What the task requires: Reproduce the top of the data verbatim, through and including the line that contains "Service Kulkas Electrolux di Jakarta Pusat".

*** Exercise data Section Begins ***

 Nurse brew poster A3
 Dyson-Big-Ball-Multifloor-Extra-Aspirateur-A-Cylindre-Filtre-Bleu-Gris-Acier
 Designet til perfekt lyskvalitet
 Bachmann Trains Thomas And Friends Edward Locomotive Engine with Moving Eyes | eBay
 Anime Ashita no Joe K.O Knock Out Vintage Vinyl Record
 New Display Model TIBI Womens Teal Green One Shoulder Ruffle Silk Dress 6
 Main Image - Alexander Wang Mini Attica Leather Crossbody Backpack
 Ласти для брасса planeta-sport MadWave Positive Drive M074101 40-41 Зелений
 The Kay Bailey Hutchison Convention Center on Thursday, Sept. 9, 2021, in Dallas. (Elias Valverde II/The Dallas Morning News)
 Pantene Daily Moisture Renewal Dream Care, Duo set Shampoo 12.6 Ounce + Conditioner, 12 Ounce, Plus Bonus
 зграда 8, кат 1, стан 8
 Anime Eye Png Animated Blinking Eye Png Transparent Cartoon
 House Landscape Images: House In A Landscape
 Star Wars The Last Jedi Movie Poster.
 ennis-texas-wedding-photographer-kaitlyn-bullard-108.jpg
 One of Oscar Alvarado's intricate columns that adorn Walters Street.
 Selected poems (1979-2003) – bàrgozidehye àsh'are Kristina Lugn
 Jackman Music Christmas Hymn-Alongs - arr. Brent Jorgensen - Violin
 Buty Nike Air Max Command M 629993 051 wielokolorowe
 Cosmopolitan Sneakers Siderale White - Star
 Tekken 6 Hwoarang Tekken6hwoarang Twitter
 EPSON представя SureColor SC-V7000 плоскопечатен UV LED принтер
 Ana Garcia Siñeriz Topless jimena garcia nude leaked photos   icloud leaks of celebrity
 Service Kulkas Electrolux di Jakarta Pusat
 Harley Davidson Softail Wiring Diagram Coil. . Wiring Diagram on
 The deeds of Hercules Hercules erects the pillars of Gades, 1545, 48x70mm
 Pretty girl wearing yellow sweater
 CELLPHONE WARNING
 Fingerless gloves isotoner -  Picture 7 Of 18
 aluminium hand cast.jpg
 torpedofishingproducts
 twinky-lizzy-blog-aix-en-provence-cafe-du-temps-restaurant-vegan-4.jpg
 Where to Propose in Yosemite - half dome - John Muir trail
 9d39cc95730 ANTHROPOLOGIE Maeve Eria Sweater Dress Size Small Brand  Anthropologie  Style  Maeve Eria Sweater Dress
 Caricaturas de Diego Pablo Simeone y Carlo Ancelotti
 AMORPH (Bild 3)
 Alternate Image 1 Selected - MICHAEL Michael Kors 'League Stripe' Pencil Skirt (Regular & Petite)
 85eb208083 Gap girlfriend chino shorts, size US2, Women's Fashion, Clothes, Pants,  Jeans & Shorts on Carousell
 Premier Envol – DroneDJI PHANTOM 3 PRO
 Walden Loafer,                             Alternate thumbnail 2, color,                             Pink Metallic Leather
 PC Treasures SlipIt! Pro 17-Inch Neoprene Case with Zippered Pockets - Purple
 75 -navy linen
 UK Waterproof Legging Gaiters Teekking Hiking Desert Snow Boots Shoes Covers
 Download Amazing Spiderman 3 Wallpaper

*** Exercise data Section Ends ***

Task output:
 Nurse brew poster A3
 Dyson-Big-Ball-Multifloor-Extra-Aspirateur-A-Cylindre-Filtre-Bleu-Gris-Acier
 Designet til perfekt lyskvalitet
 Bachmann Trains Thomas And Friends Edward Locomotive Engine with Moving Eyes | eBay
 Anime Ashita no Joe K.O Knock Out Vintage Vinyl Record
 New Display Model TIBI Womens Teal Green One Shoulder Ruffle Silk Dress 6
 Main Image - Alexander Wang Mini Attica Leather Crossbody Backpack
 Ласти для брасса planeta-sport MadWave Positive Drive M074101 40-41 Зелений
 The Kay Bailey Hutchison Convention Center on Thursday, Sept. 9, 2021, in Dallas. (Elias Valverde II/The Dallas Morning News)
 Pantene Daily Moisture Renewal Dream Care, Duo set Shampoo 12.6 Ounce + Conditioner, 12 Ounce, Plus Bonus
 зграда 8, кат 1, стан 8
 Anime Eye Png Animated Blinking Eye Png Transparent Cartoon
 House Landscape Images: House In A Landscape
 Star Wars The Last Jedi Movie Poster.
 ennis-texas-wedding-photographer-kaitlyn-bullard-108.jpg
 One of Oscar Alvarado's intricate columns that adorn Walters Street.
 Selected poems (1979-2003) – bàrgozidehye àsh'are Kristina Lugn
 Jackman Music Christmas Hymn-Alongs - arr. Brent Jorgensen - Violin
 Buty Nike Air Max Command M 629993 051 wielokolorowe
 Cosmopolitan Sneakers Siderale White - Star
 Tekken 6 Hwoarang Tekken6hwoarang Twitter
 EPSON представя SureColor SC-V7000 плоскопечатен UV LED принтер
 Ana Garcia Siñeriz Topless jimena garcia nude leaked photos   icloud leaks of celebrity
 Service Kulkas Electrolux di Jakarta Pusat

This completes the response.